Open season on OpenAI
What would John-Boy Walton make of it all? Sitting on his eponymous mountain 90 years ago, whiling away the hours waiting for the outbreak of WW2 in his grandma-made itchy-looking shirt. He’d be busy penning homespun stories in The Blue Ridge Chronicle about Ike Godsey (usually) to entertain the gentle folk in the fictitious Jefferson County of Virginia.
I refer, if it isn’t obvious, to The New York Times v OpenAI. This case could be the savior of hacks like John-Boy. Simply, it’s that important. When we think of creative writing, much of which has been under siege recently from AI, we tend to think of novelists, poets, scriptwriters, lyricists and the like. The poor old journeyman ‘journo’ rarely gets a look in. Not now. For they are creative too. Yes, they are. In an everyday, ephemeral way. Perhaps, no less important than a Hollywood screen writer. Ok, that’s a stretch. Bear with me. Hacks like John-Boy can morph into famous writers quicker that a Mayfly.
If you don’t get the importance of this case – go back to the lumber yard and help your Pa.
Great journalism…must feed the mind and move the heart.
So said Rupert Murdoch. Great journalism shouldn’t be ‘scraped’ from the internet behind paywalls and fed to rapacious large language model, generative AI machines in breach of copyright, say The New York Times (NYT) in a legal suit filed on 27 December 2023 against Microsoft-backed OpenAI. It can if it’s ‘fair use’ of publicly sourced material say OpenAI and the work is not reproduced in its entirety. As reported in the Financial Times, NYT claims OpenAI profited from the:
“…exploitation and misappropriation of The Times’s intellectual property.”
Victor Tangermann writing for Futurism recently questioned whether it’s acceptable for OpenAI to:
“…vacuum up everyone’s content and charge for it without paying them.”
The Irish Times posited that:
“…it seems reasonable that those who create the original content without which these systems could not exist should have a claim to any sort of profits.”
And that, in a few short, news media soundbites, is the debate, argument and legal dispute currently blazing its way like a summer bushfire through editorial desks around the world.

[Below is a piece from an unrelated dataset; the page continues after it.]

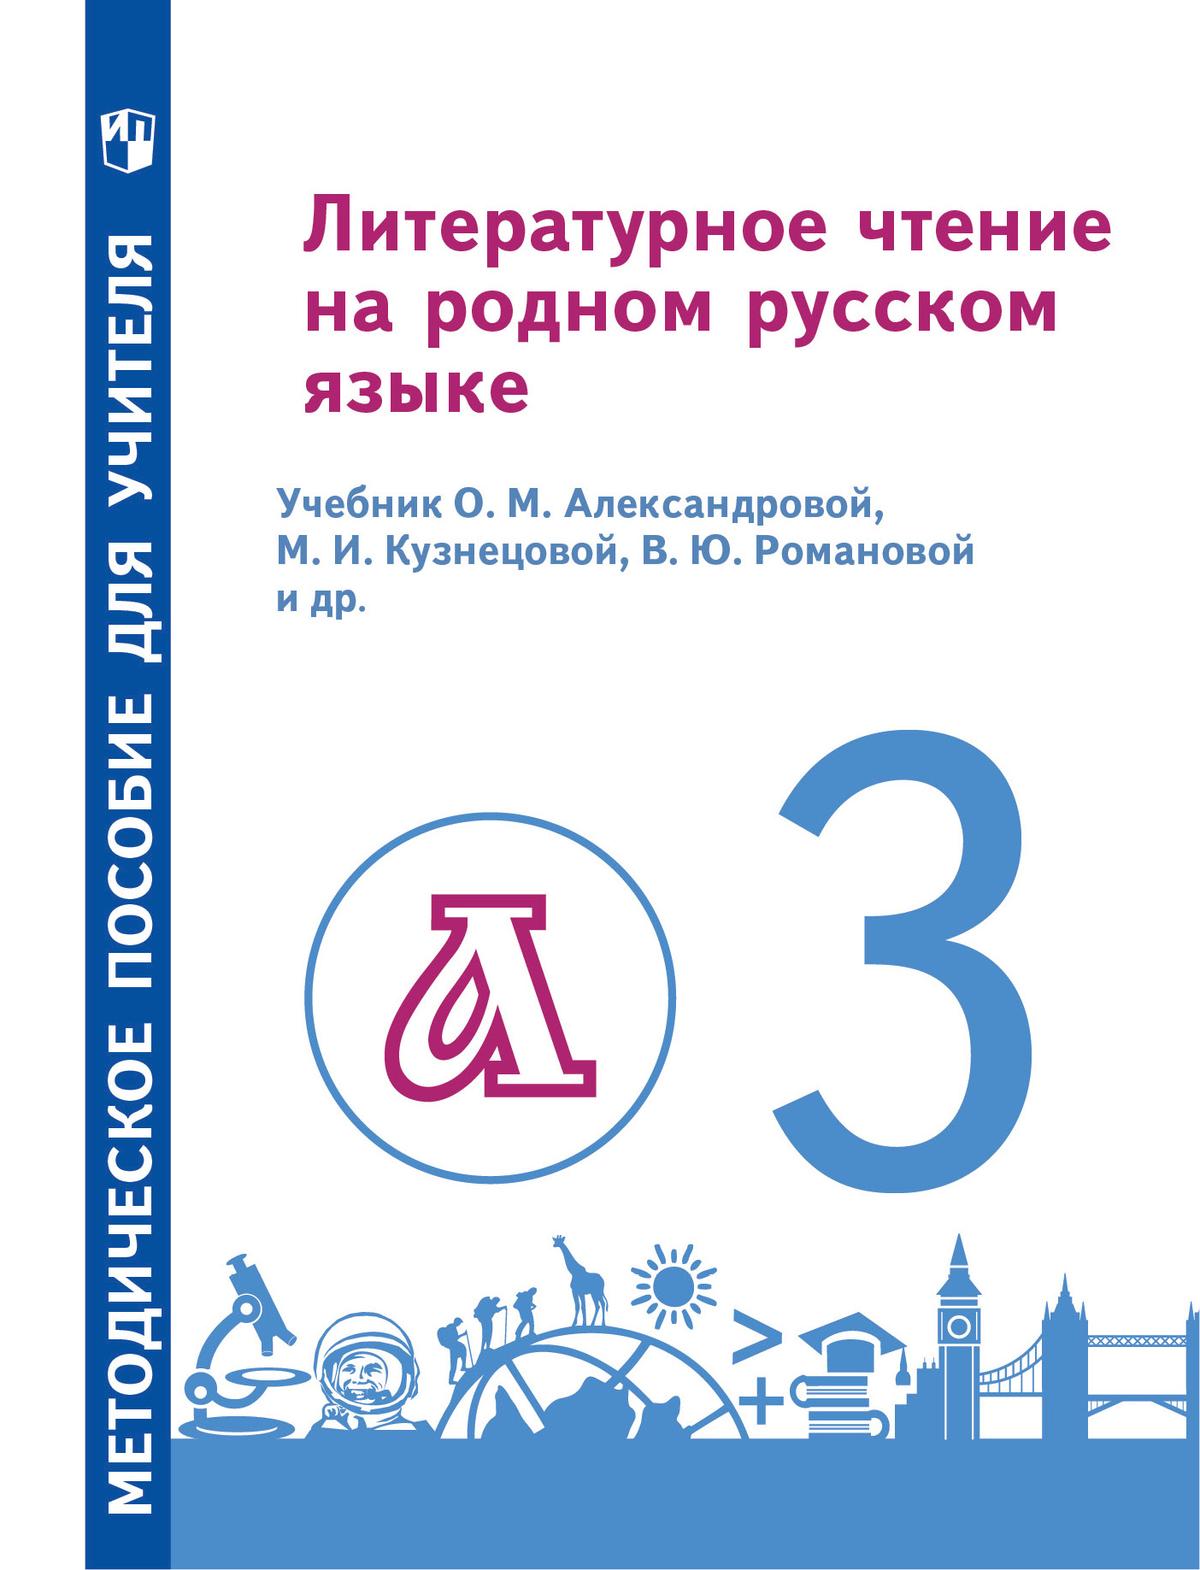 Литературное чтение на родном русском языке. 3 класс. Методическое пособие 1
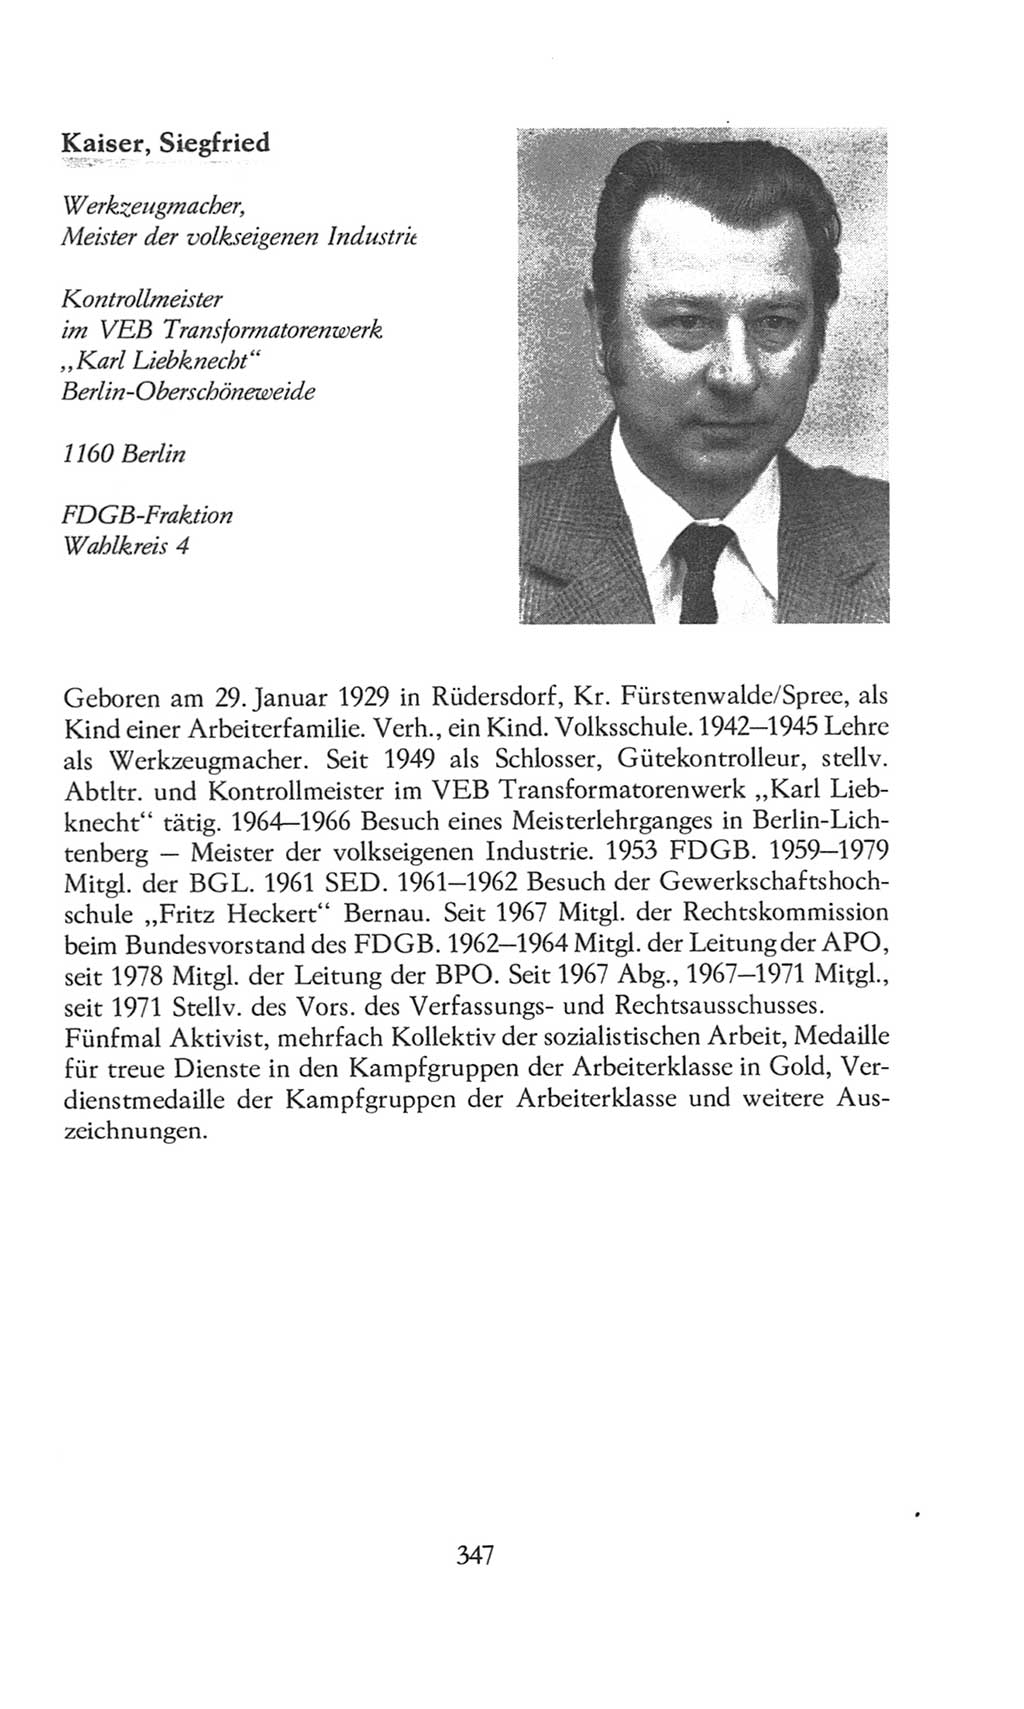 Volkskammer (VK) der Deutschen Demokratischen Republik (DDR), 8. Wahlperiode 1981-1986, Seite 347 (VK. DDR 8. WP. 1981-1986, S. 347)

It’s a hot one, for sure.
Don’t take advantage of any man…
The damages being claimed by NYT runs to billions of dollars. It says it owns the copyright to its back catalogue of journalism. It paid for it and has the right to exploit it for profit, if it wants, when it wants. It is claimed that chatbots like Chat GPT are now competing with established journalism as a source of reliable news information and all from an allegedly unfair ‘springboard’ advantage having ingested millions of NYT articles.
It is also argued OpenAI would rather not pay expensive licensing fees to legitimately use NYT material because it’s costly to keep feeding and ‘training’ hungry AI models.
Although, many in the IP world believe, logically, this is where the case will end up – with a licensing agreement – as IP cases so often do. A multi-million-dollar-a-year licensing deal having already been settled with Associated Press.
Sharing was our first duty and happiest privilege…
That may have been so for the dungaree-clad folk on Walton Mountain but not in the real world. Content must be paid for, so it seems. If you want to build an AI product fine. But you must, say NYT, seek permission, make payment, or both. Some, like Professor emeritus of New York University Gary Marcus, are openly critical of present AI company practice. He makes a fair point:
“If the current batch of AI companies cannot create AI that performs reasonably well based on public domain sources and whatever they are prepared to pay to license…they should go back to the drawing board – and figure out how to build software that doesn’t have a plagiarism problem – rather than fleecing artists, writers and other content providers.”
Tough words for a tough problem.
NYT v OpenAI is a fascinating and important lawsuit. It will probably dominate the IP litigation landscape this year. The ‘fair use’ defense has yet to be challenged in the courts (to this extent) and the future of traditional journalism is quite probably up for grabs. Diehard writers will say you must pay for decent creative writing otherwise your left with a ‘garbage in – garbage out’ data situation. Or as Gary Marcus put so well:
“We will all suffer in the end, fed a mediocre stew of regurgitate.”
This case, if you ponder on it, is little different from earlier squabbles over social media platforms muscling-in on established outlets for publishing and music. It’s a turf war at its core, only the creative forums are now fed-up of appeasement. Poland has been invaded. Enough is enough. They now feel they have nothing to lose by drawing battle lines, donning flak-jackets, tin hats and suing for vast damages. A peace deal may yet be struck in the form of a license. There is such a lot for one party to lose if collaboration and agreement are jilted at the altar of judicial decision.
You can’t own a mountain…
Said Grandpa Zeb. The big tech beasts seem to own so much else. I guess we’ll see. From Tacitus to here. That’s some journey. Is the simple lowly trade of the human observer scribe now doomed. Are we at our terminus.